Здесь сразу возникает сложная пара понятий: «явление» и «вещь в себе». Это фундаментальное понятийное соотношение мы также не будем сейчас разъяснять; нам лишь нужно уяснить для ориентации, что «измененный метод», согласно которому здесь определяется априорное познание, должен подтвердить эту вторую часть метафизики, то есть возможность познания того «безусловного». И в чем же состоит эта возможность? В том, что на место теоретического познания ставится практическое. «Теперь нам остается еще, после того как спекулятивному разуму отказано во всяком продвижении в этой области сверхчувственного, попытаться, не найдутся ли в его практическом познании данные для определения того трансцендентного понятия разума о безусловном, и таким образом, согласно желанию метафизики, выйти за пределы всякого возможного опыта с нашим априорным познанием, возможным, однако, лишь в практическом отношении» (стр. 31, строка 4). Таким образом, мы получаем здесь ясную ориентацию, что в качестве второй части метафизики должна выступить этика.

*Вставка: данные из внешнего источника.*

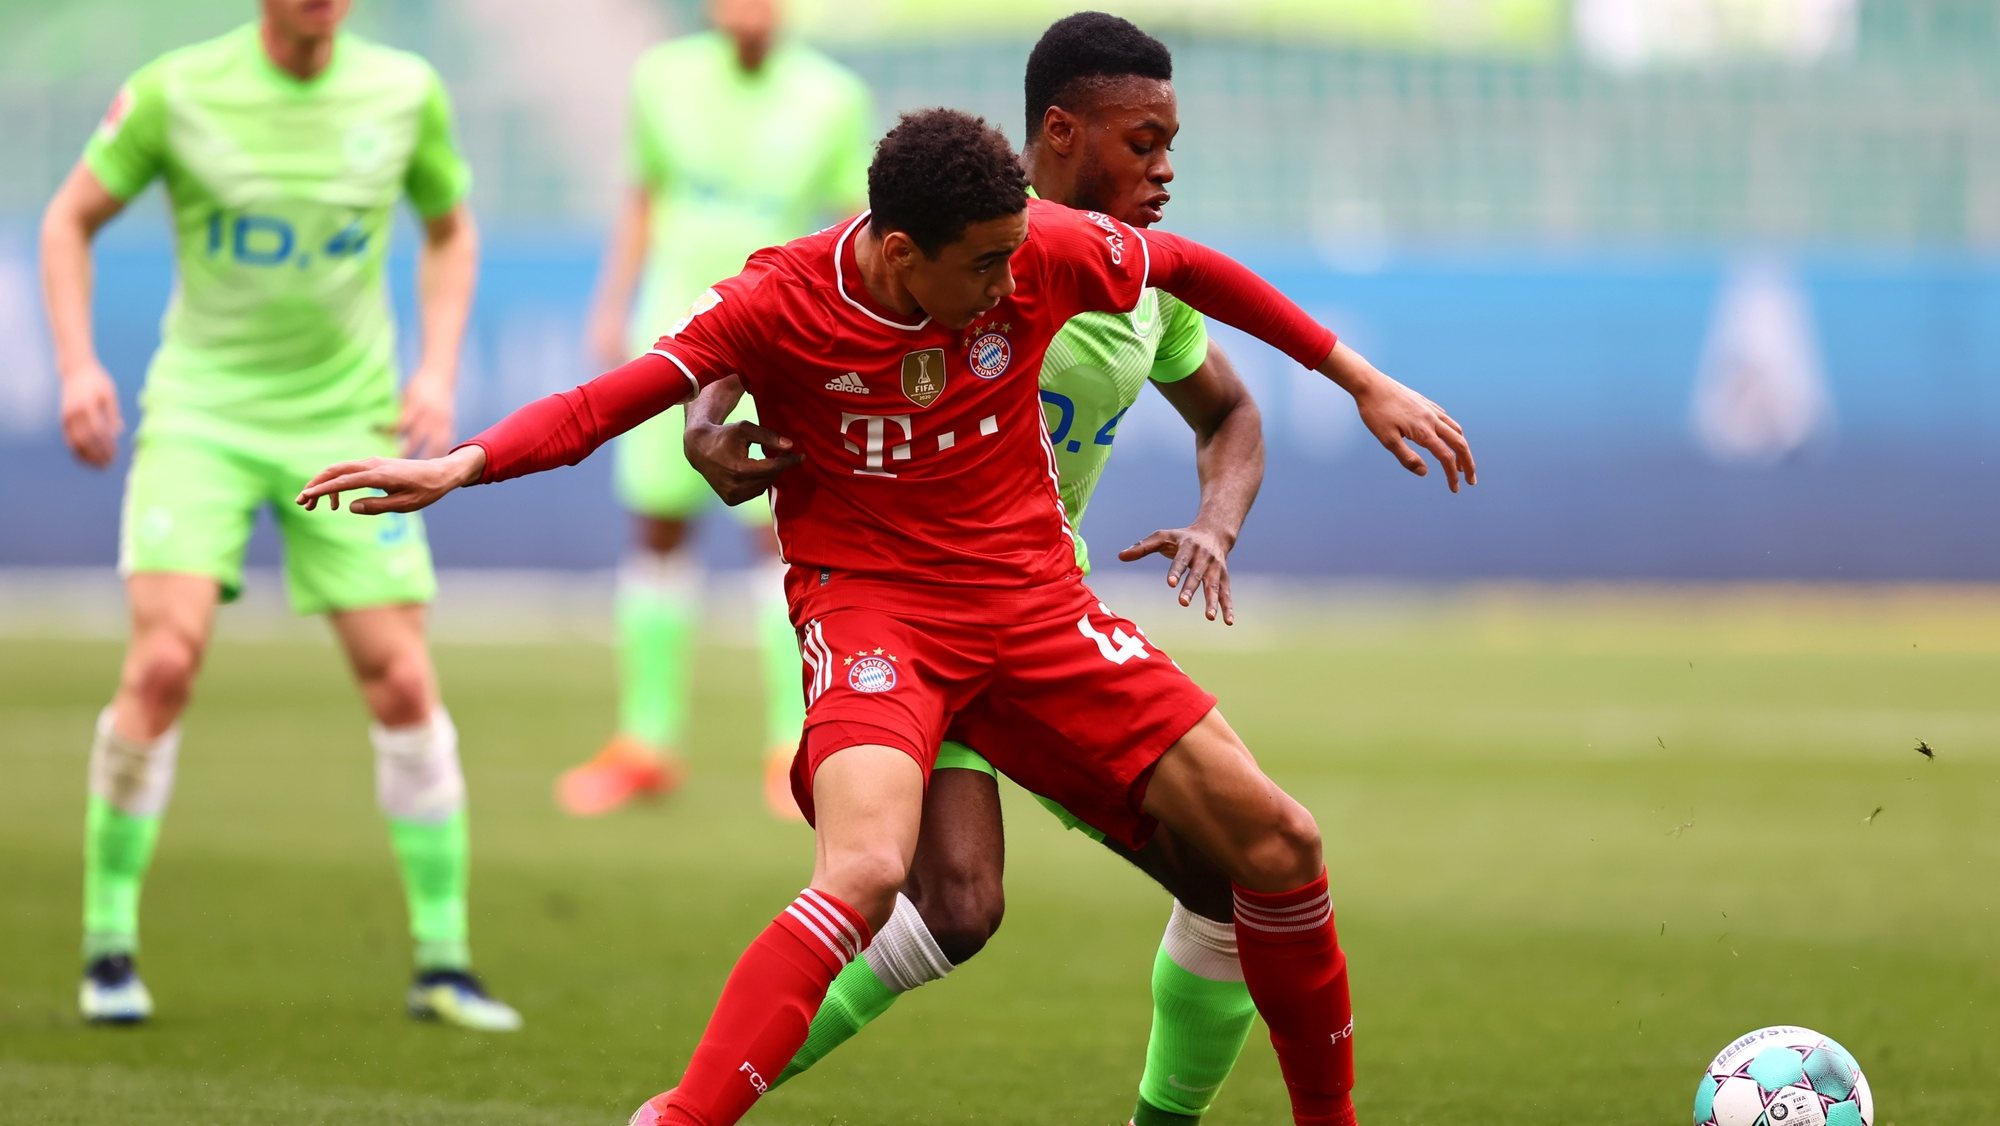 epa09141521 Jamal Musiala (L) of FC Bayern Muenchen is challenged by Ridle Baku of VfL Wolfsburg during the Bundesliga match between VfL Wolfsburg and FC Bayern Munich at Volkswagen Arena in Wolfsburg, Germany, 17 April 2021.  EPA/MARTIN ROSE / POOL DFL regulations prohibit any use of photographs as image sequences and/or quasi-video.

И теперь мы можем также предварительно познакомиться с теми сложными систематическими понятиями, поскольку это позволяет методология первой части метафизики. То, что здесь выступает как «вещь в себе», соответствует объекту, который представляется данным и существующим без нашего вмешательства, без «поворота»; на его месте там окажется «явление». Но поскольку для проблем этики явления непригодны, так как в них речь идет не об объектах природы в конечном смысле, то необходимо ухватить иное понятие вещи в себе, если познание как этика, в отличие от познания опыта, вообще должно стать возможным. Этой другой проблемой познания занимается вся вторая часть данного предисловия, и она неоднократно обозначается как «эксперимент контропроверки», что различение первой части между «явлением» и «вещью в себе» теперь столь успешно подтверждается. Однако необходимо заметить, что эта вторая часть отнюдь не предлагает дополнения или обоснования для первой части: вещь в себе здесь не приносит никакого подтверждения или удостоверения, скажем, для опыта как науки, для реализации природы; но лишь и исключительно для другого вида познания, а именно для «практического применения чистого разума (морального)» (стр. 33, строка 36).

Правда, здесь встречается утверждение, что «было бы нелепо», «чтобы явление было без того, что является» (стр. 34 и далее). Однако это в равной мере относится и к человеку как объекту души и свободы, и к Богу, поскольку он имеет к миру некое каузальное отношение. И потому даже из этого, вовсе не эзотерического, утверждения не возникает сомнения, что контропроверка служит второй части метафизики только как этика. Можно было бы еще подумать, что эта польза останется «лишь негативной»; однако «расширение», которым метафизика обычно гордится, есть скорее «сужение» (стр. 33, строка 25); возможность же этики, напротив, есть важная позитивная польза, которая не ослабляется тем, что для нее должен быть проведен различие между «познанием» и «мышлением» (стр. 35, строка 35). «Таким образом, учение о нравственности сохраняет свое место, и учение о природе – тоже свое» (стр. 36, строка 23). Расширение есть, таким образом, на деле «практическое расширение чистого разума» (стр. 37, строка 4).

В этой связи стоит утверждение: «Мне пришлось ограничить знание, чтобы освободить место вере». Устраненное знание касается «вещей в себе» познания опыта; вера же – практического, морального познания, которое как раз не является математически-естественнонаучным познанием опыта и потому также не может быть познанием Бога и души как субстанций с их свойствами. Эта вера есть «разумная вера», как ее определяет и разъясняет «Методология» (стр. 677—685).